1. The preparation method of the molecular sieve membrane is characterized by comprising the following steps:

(1) Coating active particles on a support substrate;

wherein the active particles are MOF-74-Zn;

(2) Under the airtight condition, heating the support substrate treated in the step (1) in the atmosphere of the nonporous small organic molecule crystal;

wherein the temperature of the heating treatment is 150 DEG C ^o C, heating treatment time is 13 hours, and the mass ratio of the organic small molecular crystal to the active particles is 300:1, a step of; the nonporous small organic molecule crystal is 2-methylimidazole.

2. The method according to claim 1, wherein the active particles have a particle diameter of 100 to 500 nm.

3. The preparation method according to claim 1, wherein the support substrate is one or more of an alumina substrate, a stainless steel substrate, an anodized alumina substrate, a silica substrate, a zirconia substrate, a titania substrate, a zinc oxide substrate, and a foam nickel substrate; the coating method is one or more of a manual wiping method, a spraying method, a spin coating method and a hot pressing method.

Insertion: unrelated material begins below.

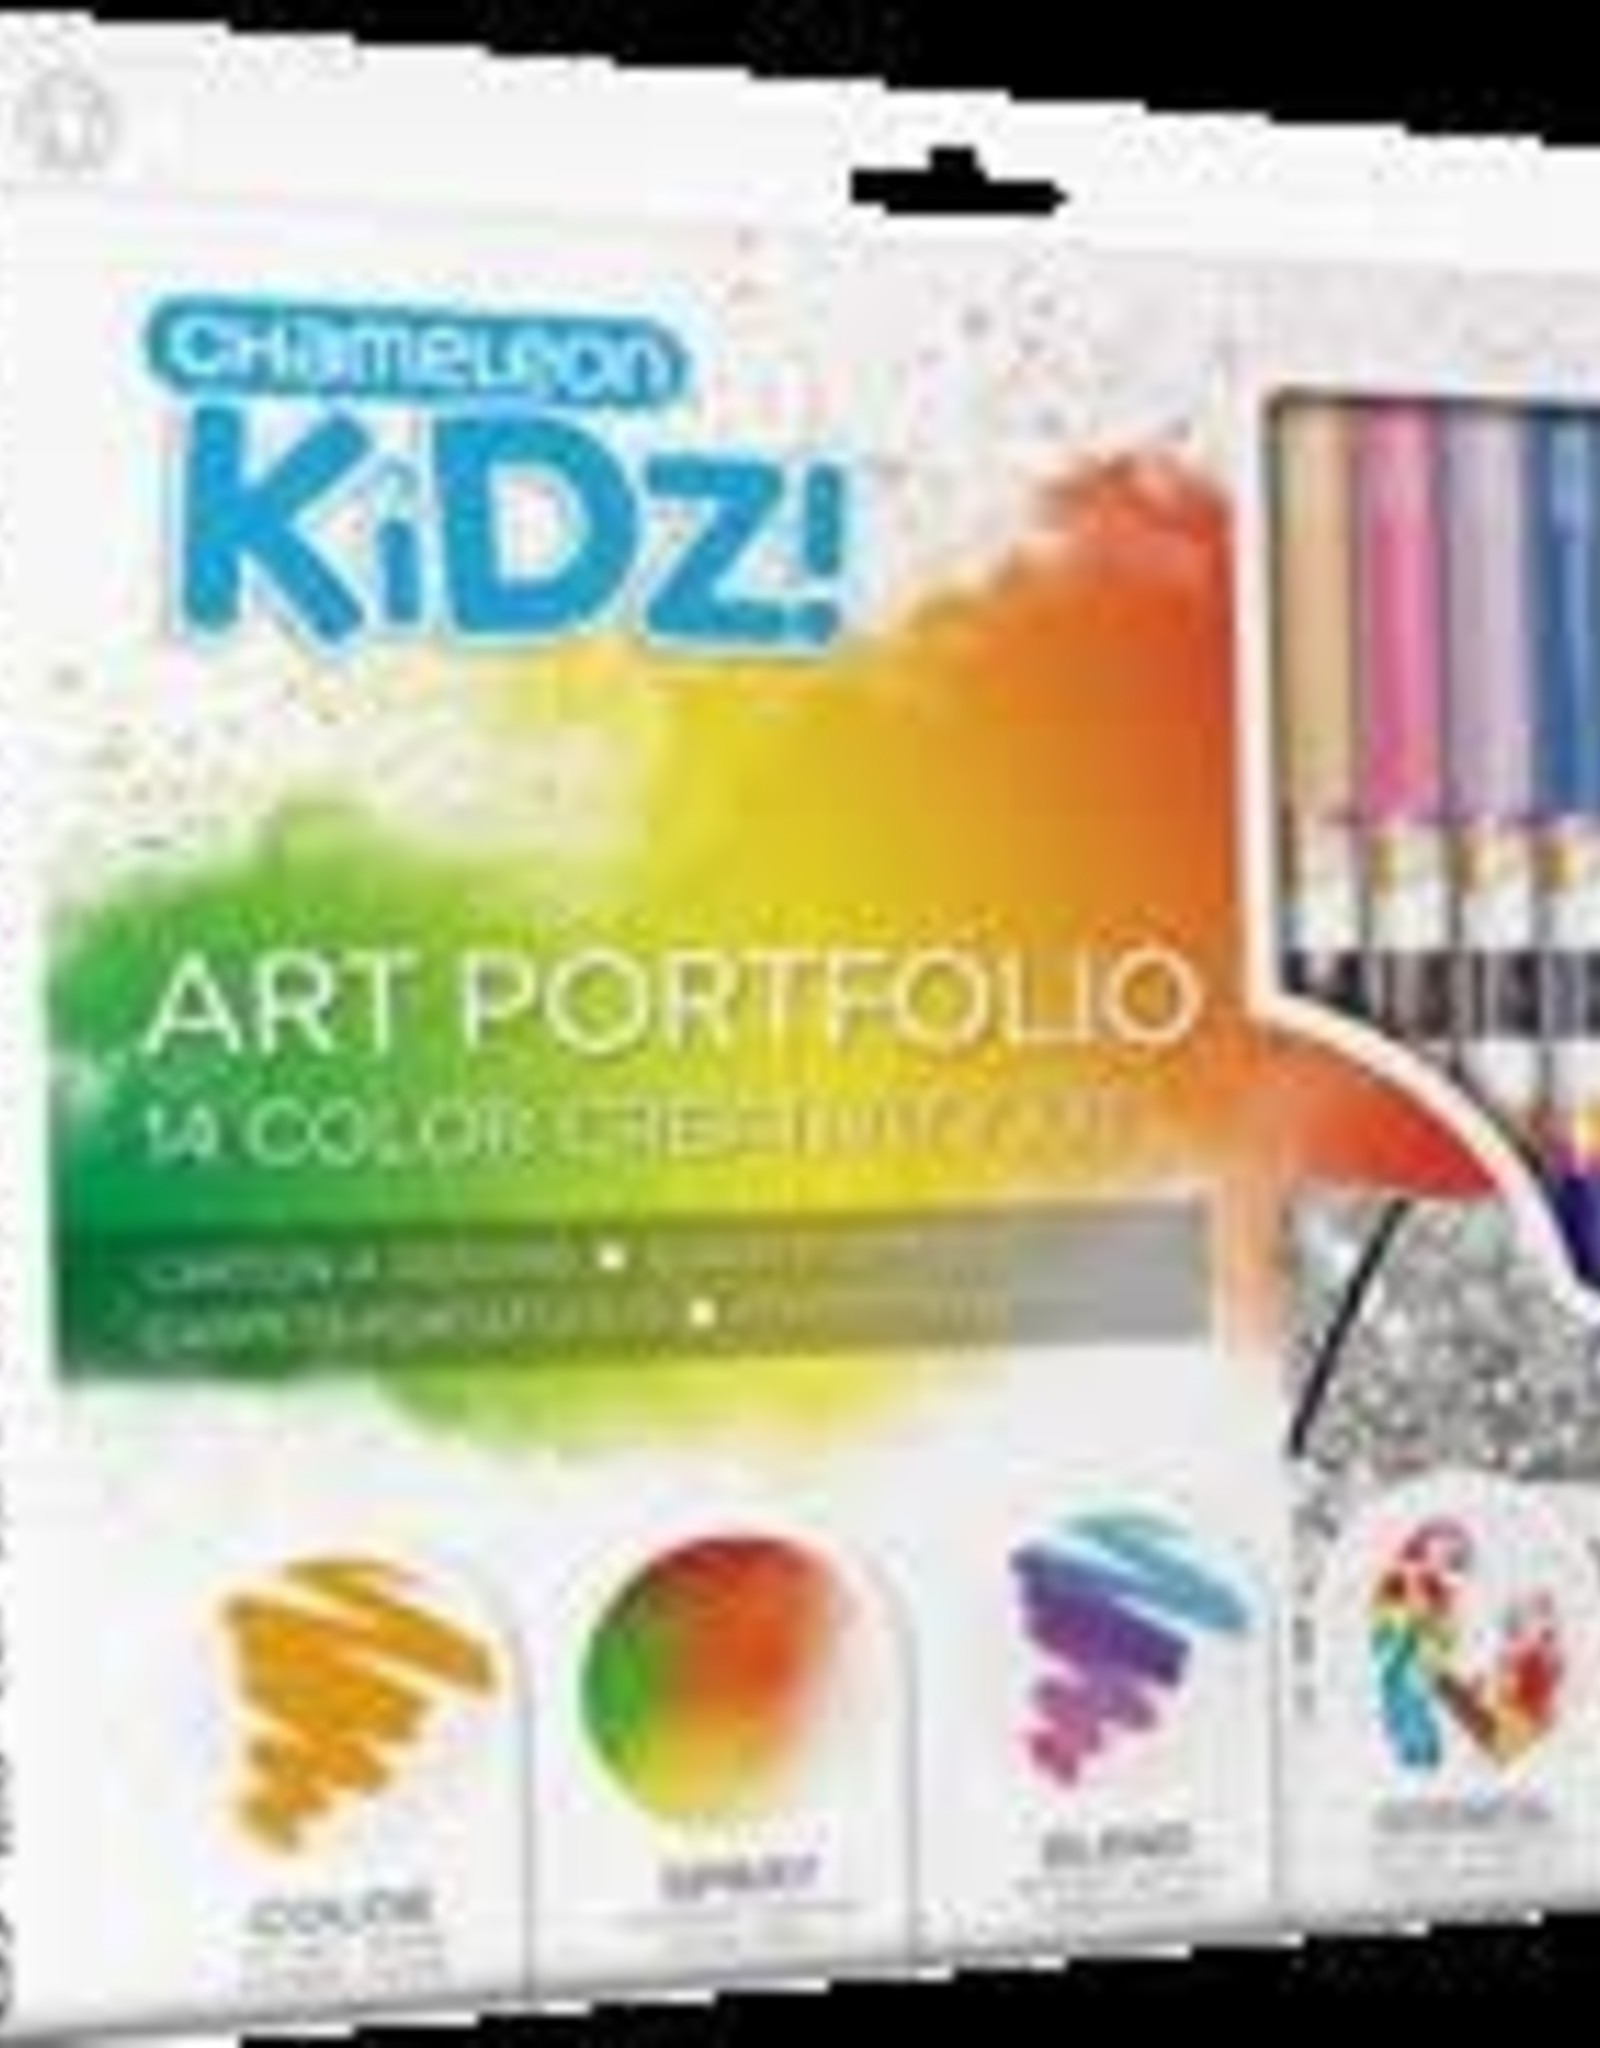 CHAMELEON KIDZ! ART PORTFOLIO 14 COLOR

4. The method of claim 1, wherein the ratio of the mass of the active particles to the diameter of the support substrate is 10mg:2cm; the net loading of Zn in the MOF-74-Zn was 10mg.

5. A molecular sieve membrane made by the method of any one of claims 1-4.

6. The use of a molecular sieve membrane as claimed in claim 5 in gas separation.

7. The use according to claim 6, wherein the gas is H ₂ /CO ₂ ，H ₂ /N ₂ ，H ₂ /CH ₄ ，H ₂ /C ₃ H ₈ ，H ₂ /C ₄ H ₈ ，CO ₂ /N ₂ ，CO ₂ /CH ₄ ，C ₂ H ₄ /C ₂ H ₆ Or C ₃ H ₆ /C ₃ H ₈ 。